[Start of section]
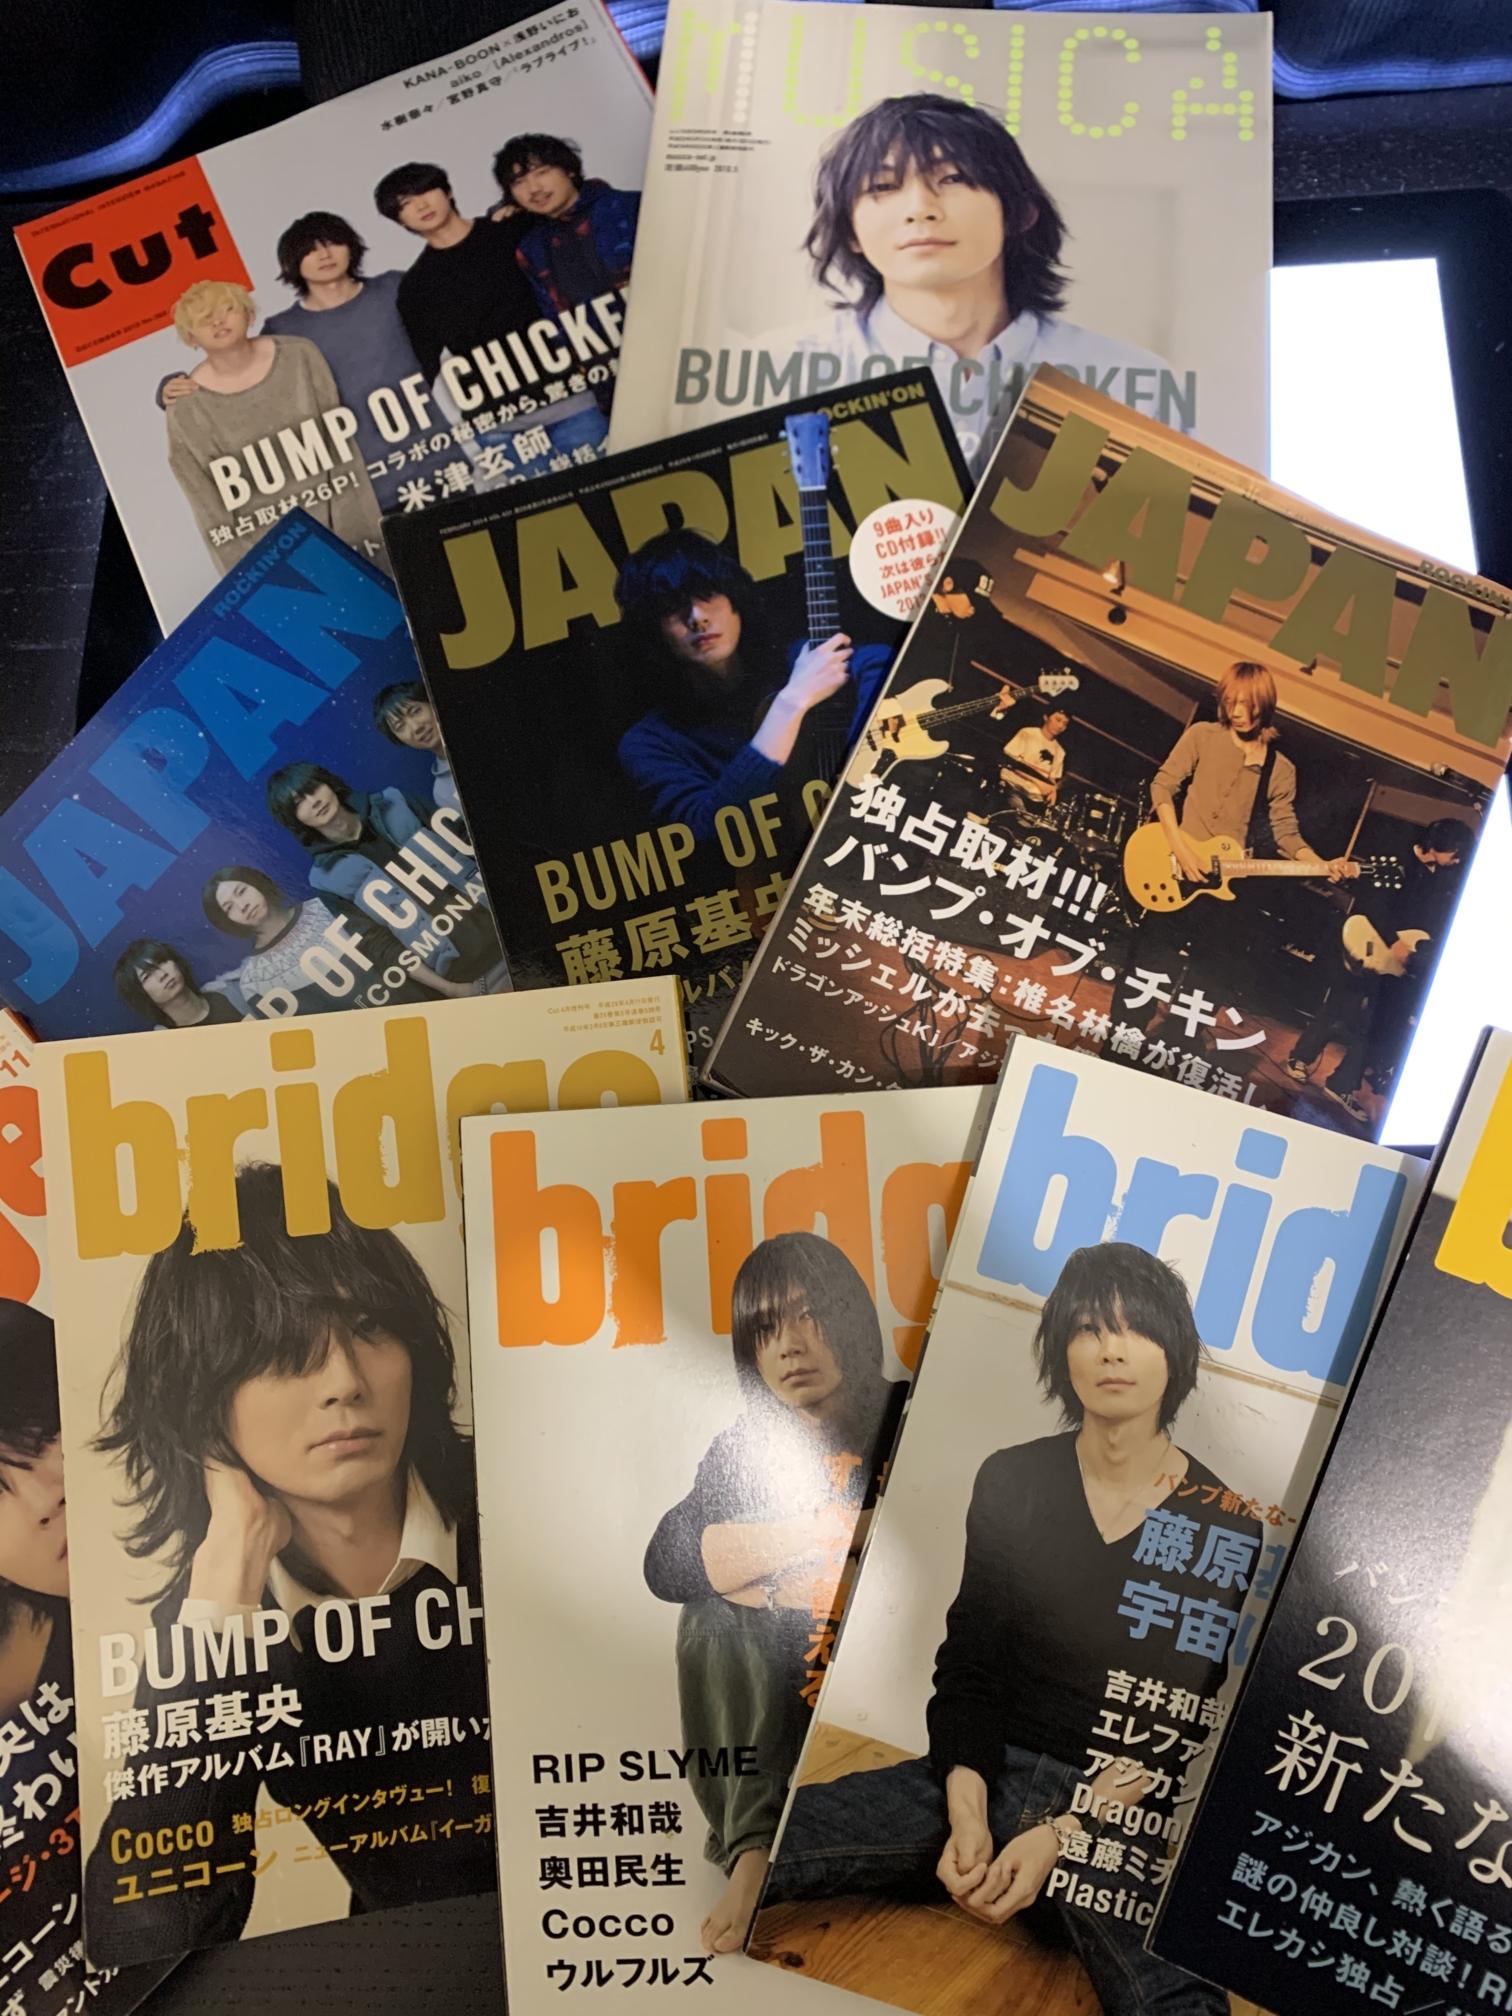 藤原基央インタビュー雑誌(ROCKIN' ON JAPAN・bridge・MUSICA・CUT)
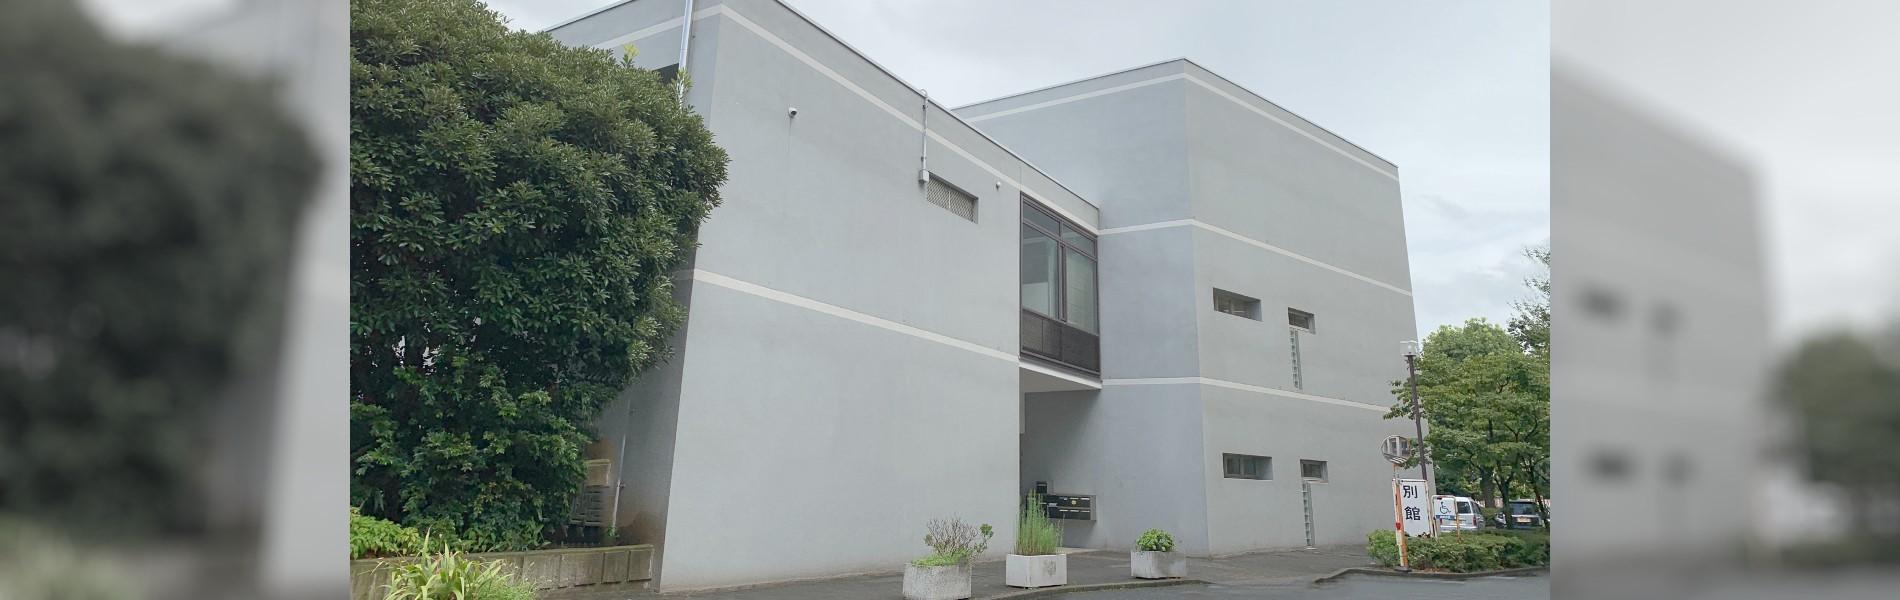 埼玉聴覚障害者情報センター
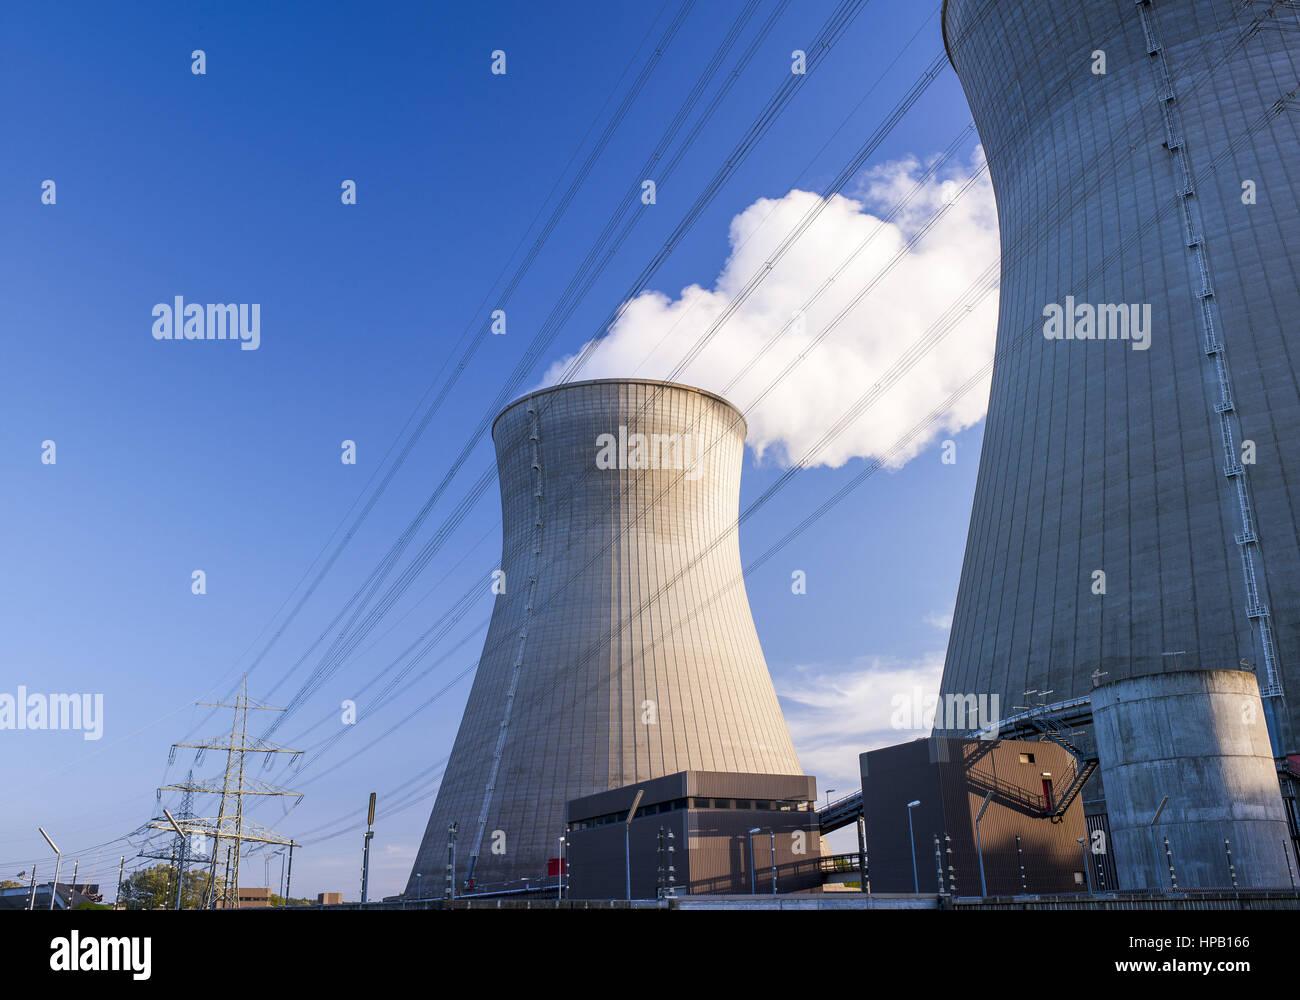 Kernkraftwerk Gundremmingen - Stock Image
[End of section]
### Required work:
Return the listing above in full and without alteration, excluding its pictures.

### Problem solution:
 藤原基央インタビュー雑誌(ROCKIN' ON JAPAN・bridge・MUSICA・CUT)
 埼玉聴覚障害者情報センター
 Kernkraftwerk Gundremmingen - Stock Image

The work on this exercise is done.